- PROBLEM DETAILS
Write out the data exactly, please, and omit the pictures.

--- COLLECTED DATA Enclosed Below ---

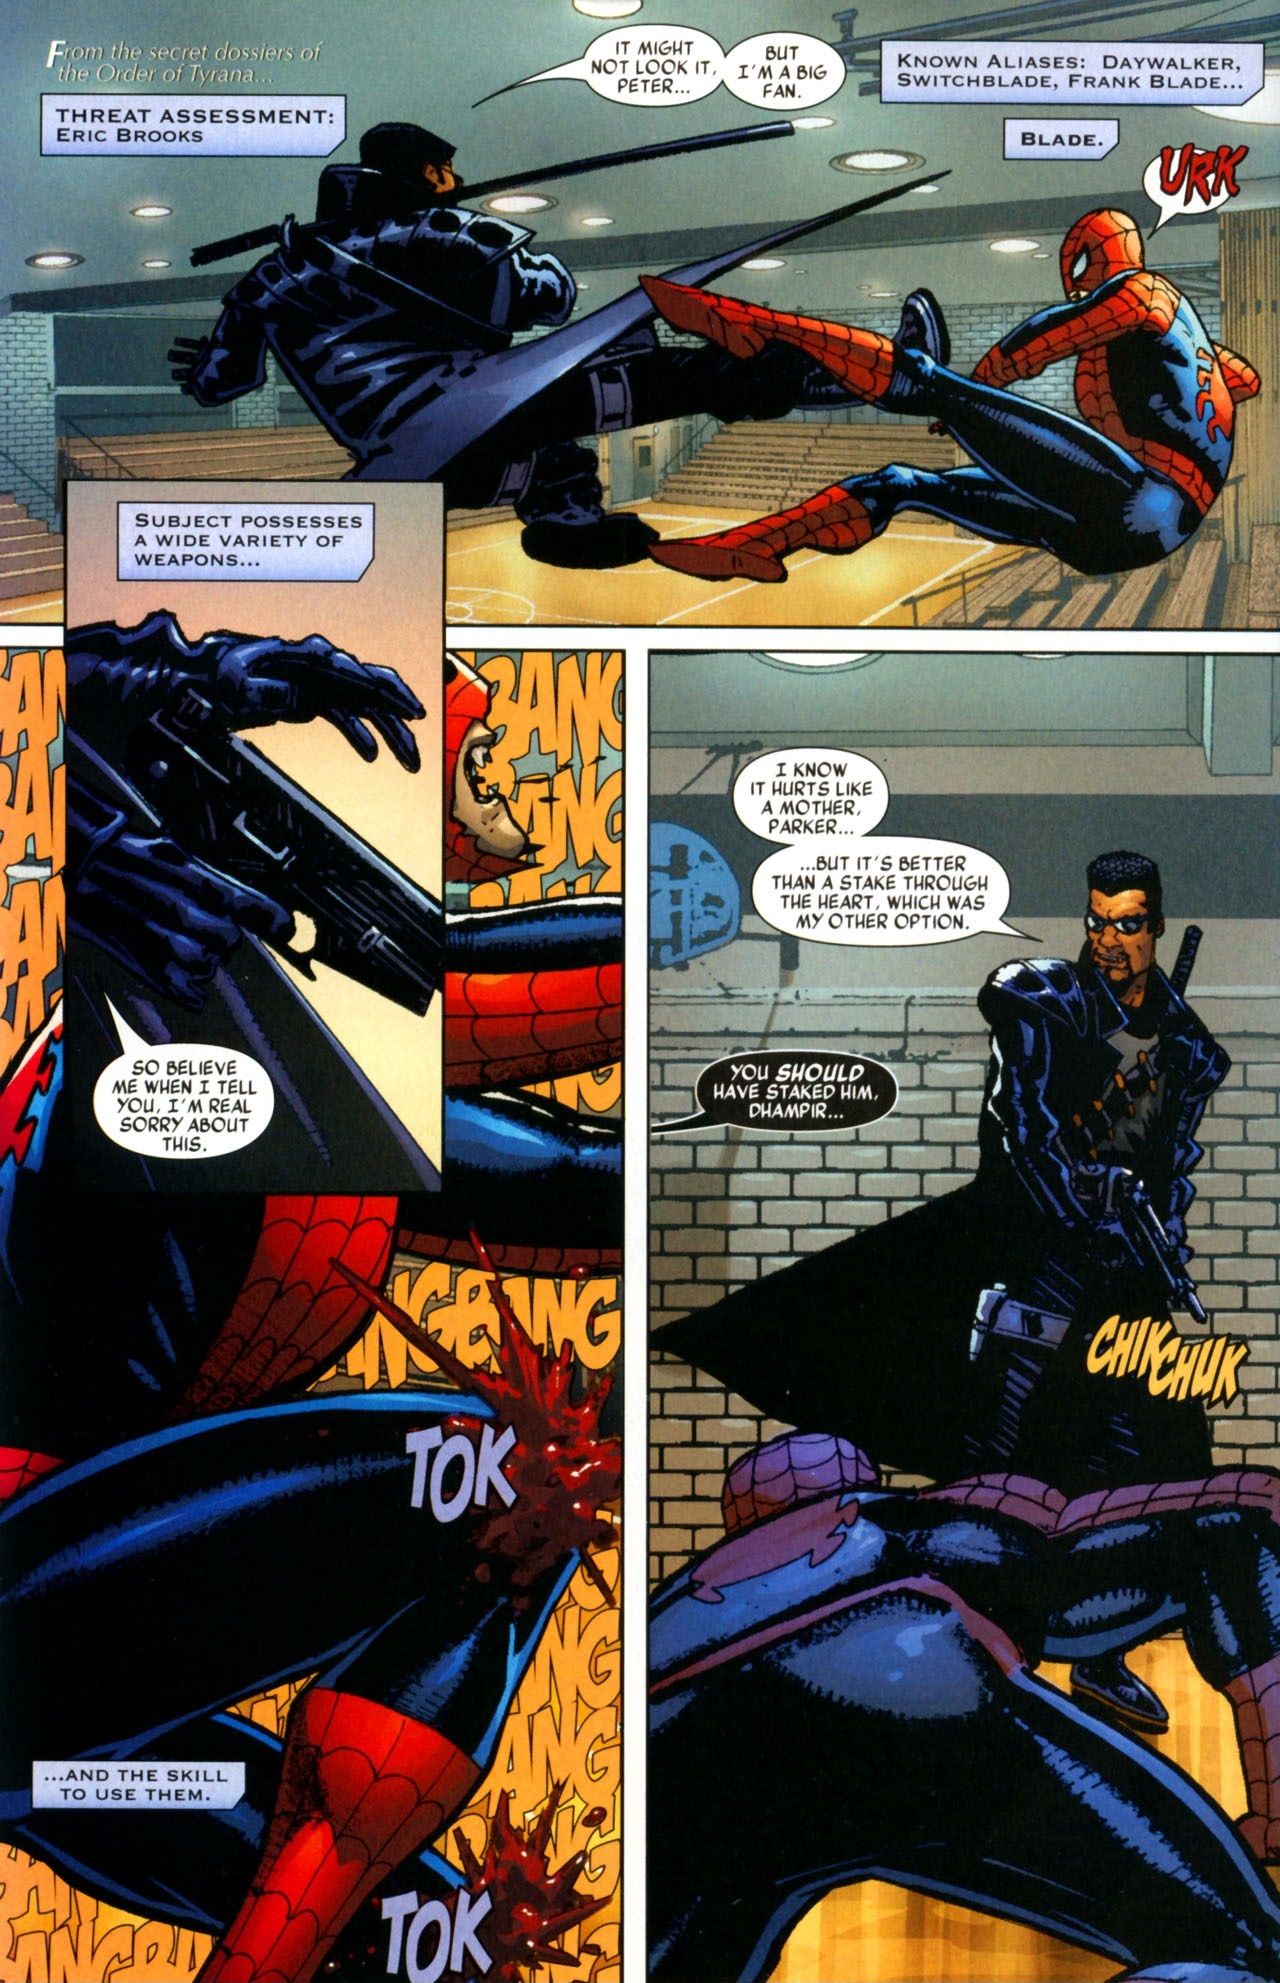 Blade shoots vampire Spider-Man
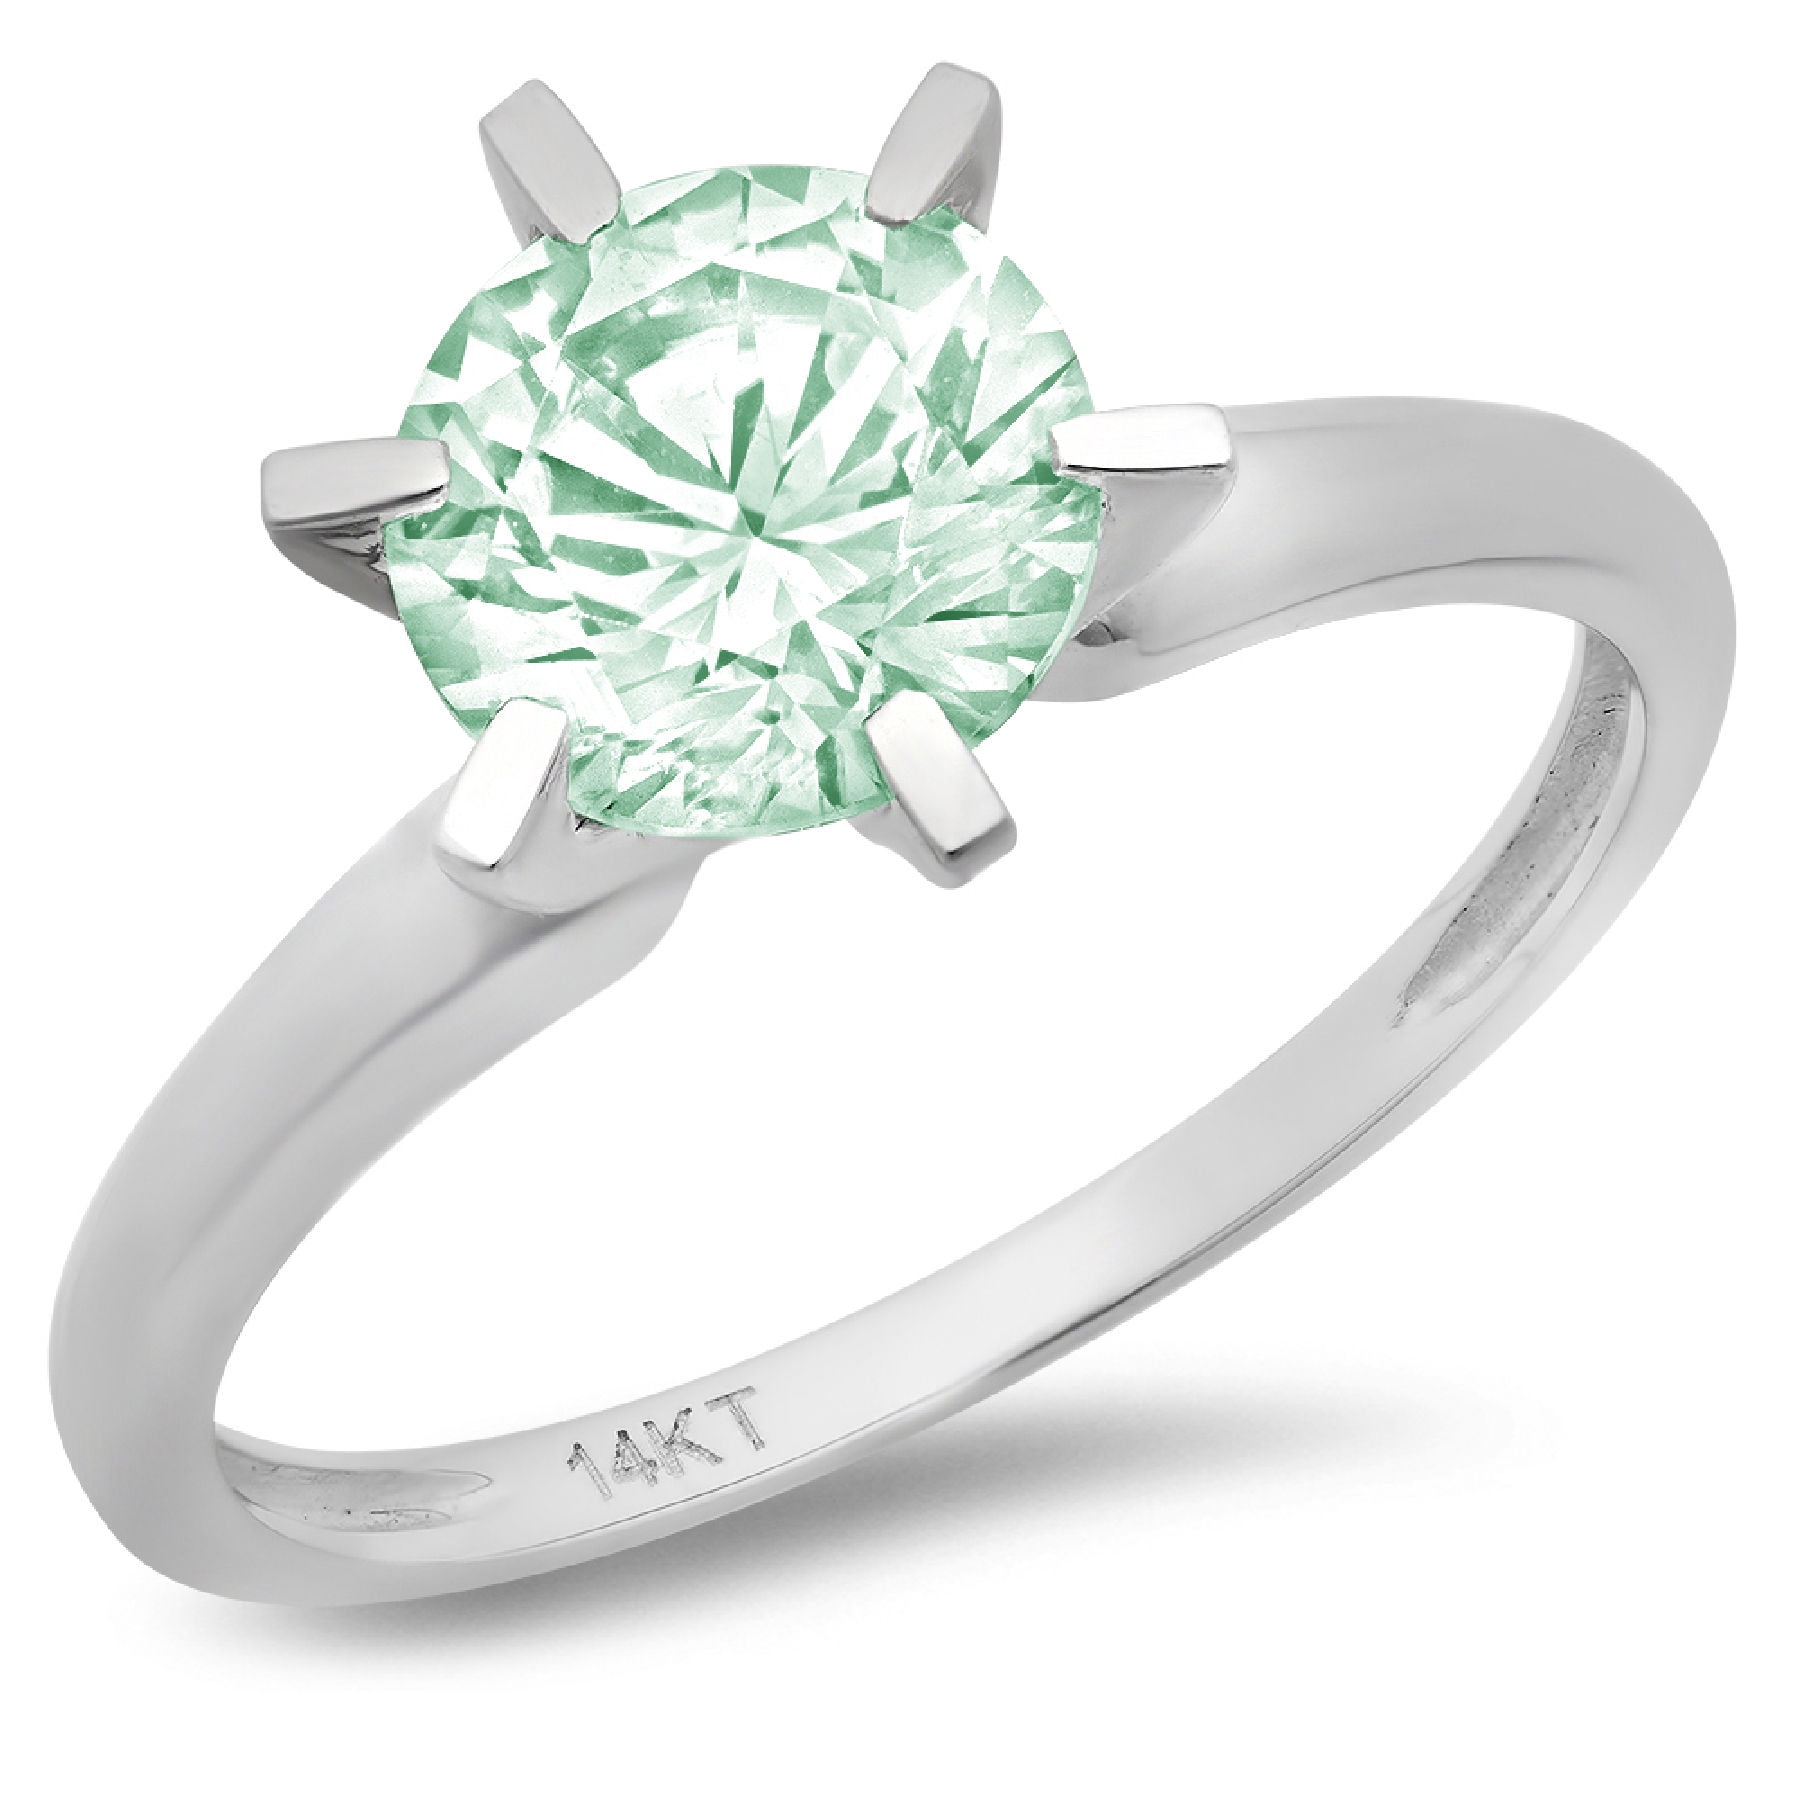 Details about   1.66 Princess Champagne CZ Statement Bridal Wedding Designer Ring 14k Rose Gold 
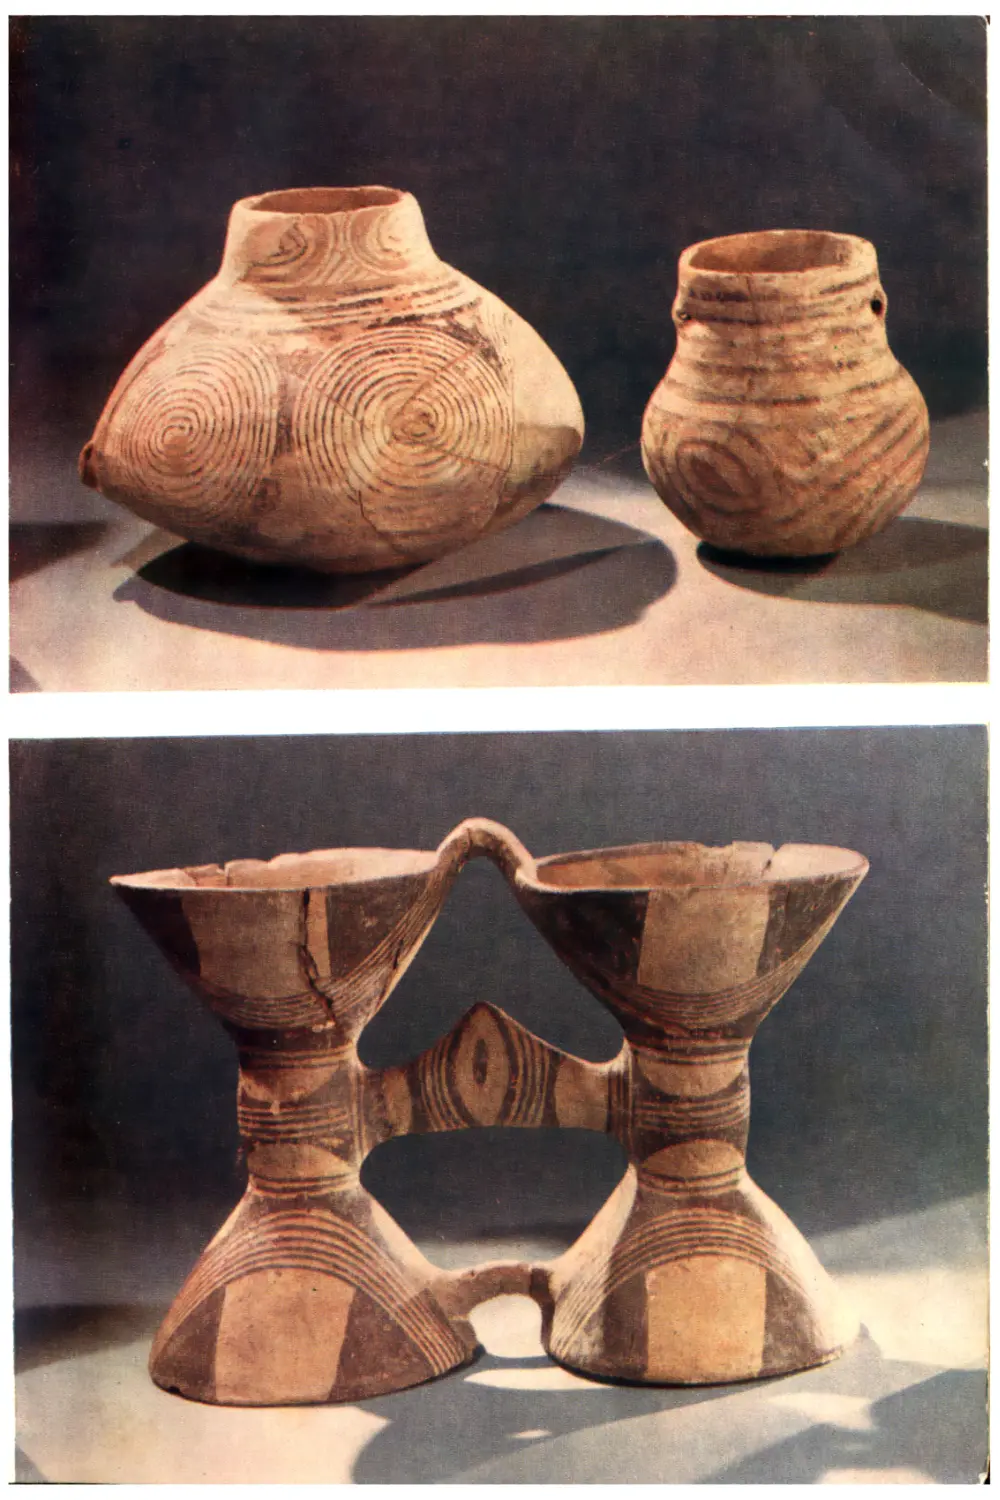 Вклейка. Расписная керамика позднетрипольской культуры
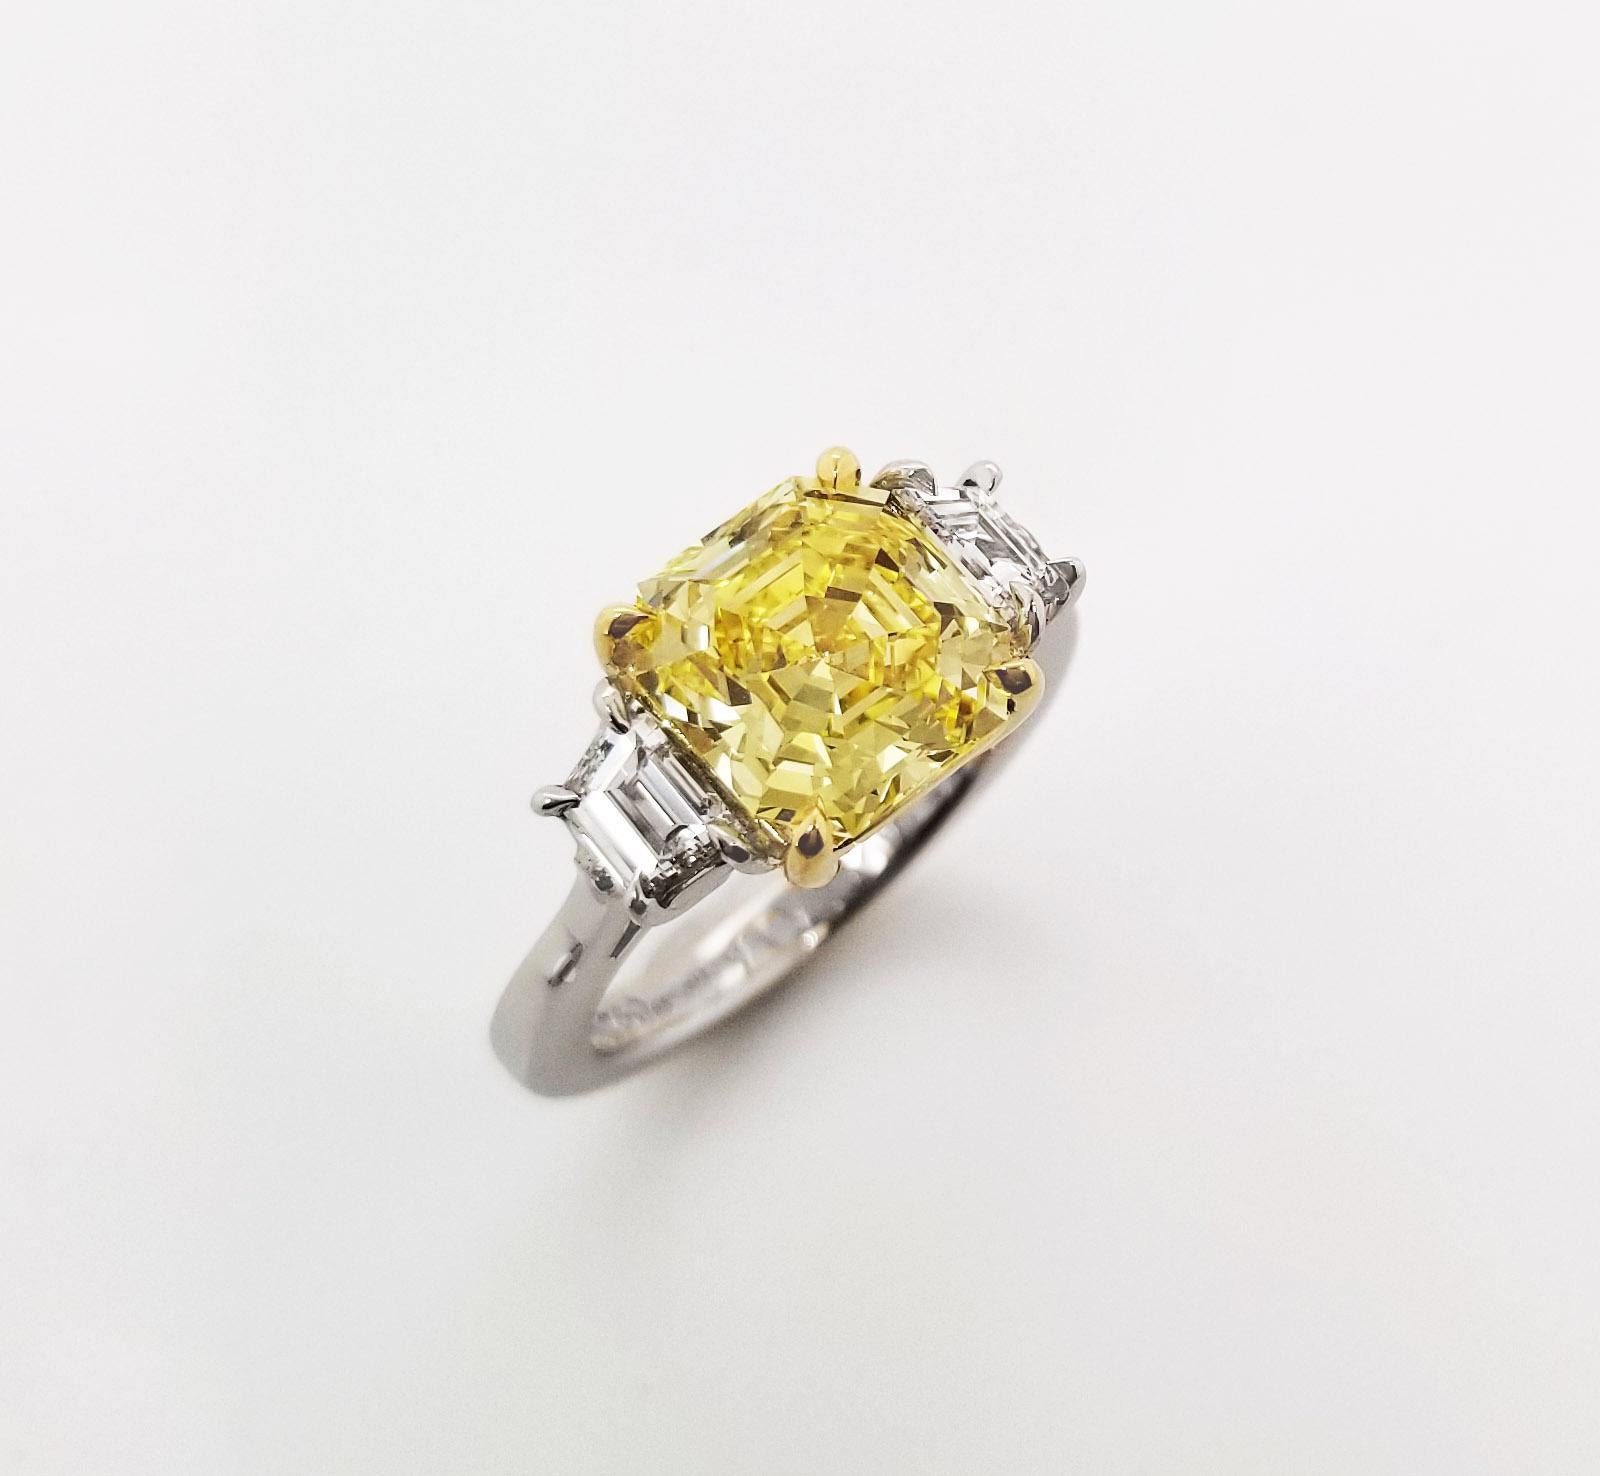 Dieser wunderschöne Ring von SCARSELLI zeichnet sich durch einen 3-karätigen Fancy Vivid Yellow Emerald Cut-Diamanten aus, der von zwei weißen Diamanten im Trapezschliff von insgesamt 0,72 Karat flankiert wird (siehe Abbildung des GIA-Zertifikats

--- End of Enclosed COLLECTED DATA ---

- RESPONSE TO THIS TASK
 Blade shoots vampire Spider-Man
 Details about   1.66 Princess Champagne CZ Statement Bridal Wedding Designer Ring 14k Rose Gold 
 Вклейка. Расписная керамика позднетрипольской культуры
 Dieser wunderschöne Ring von SCARSELLI zeichnet sich durch einen 3-karätigen Fancy Vivid Yellow Emerald Cut-Diamanten aus, der von zwei weißen Diamanten im Trapezschliff von insgesamt 0,72 Karat flankiert wird (siehe Abbildung des GIA-Zertifikats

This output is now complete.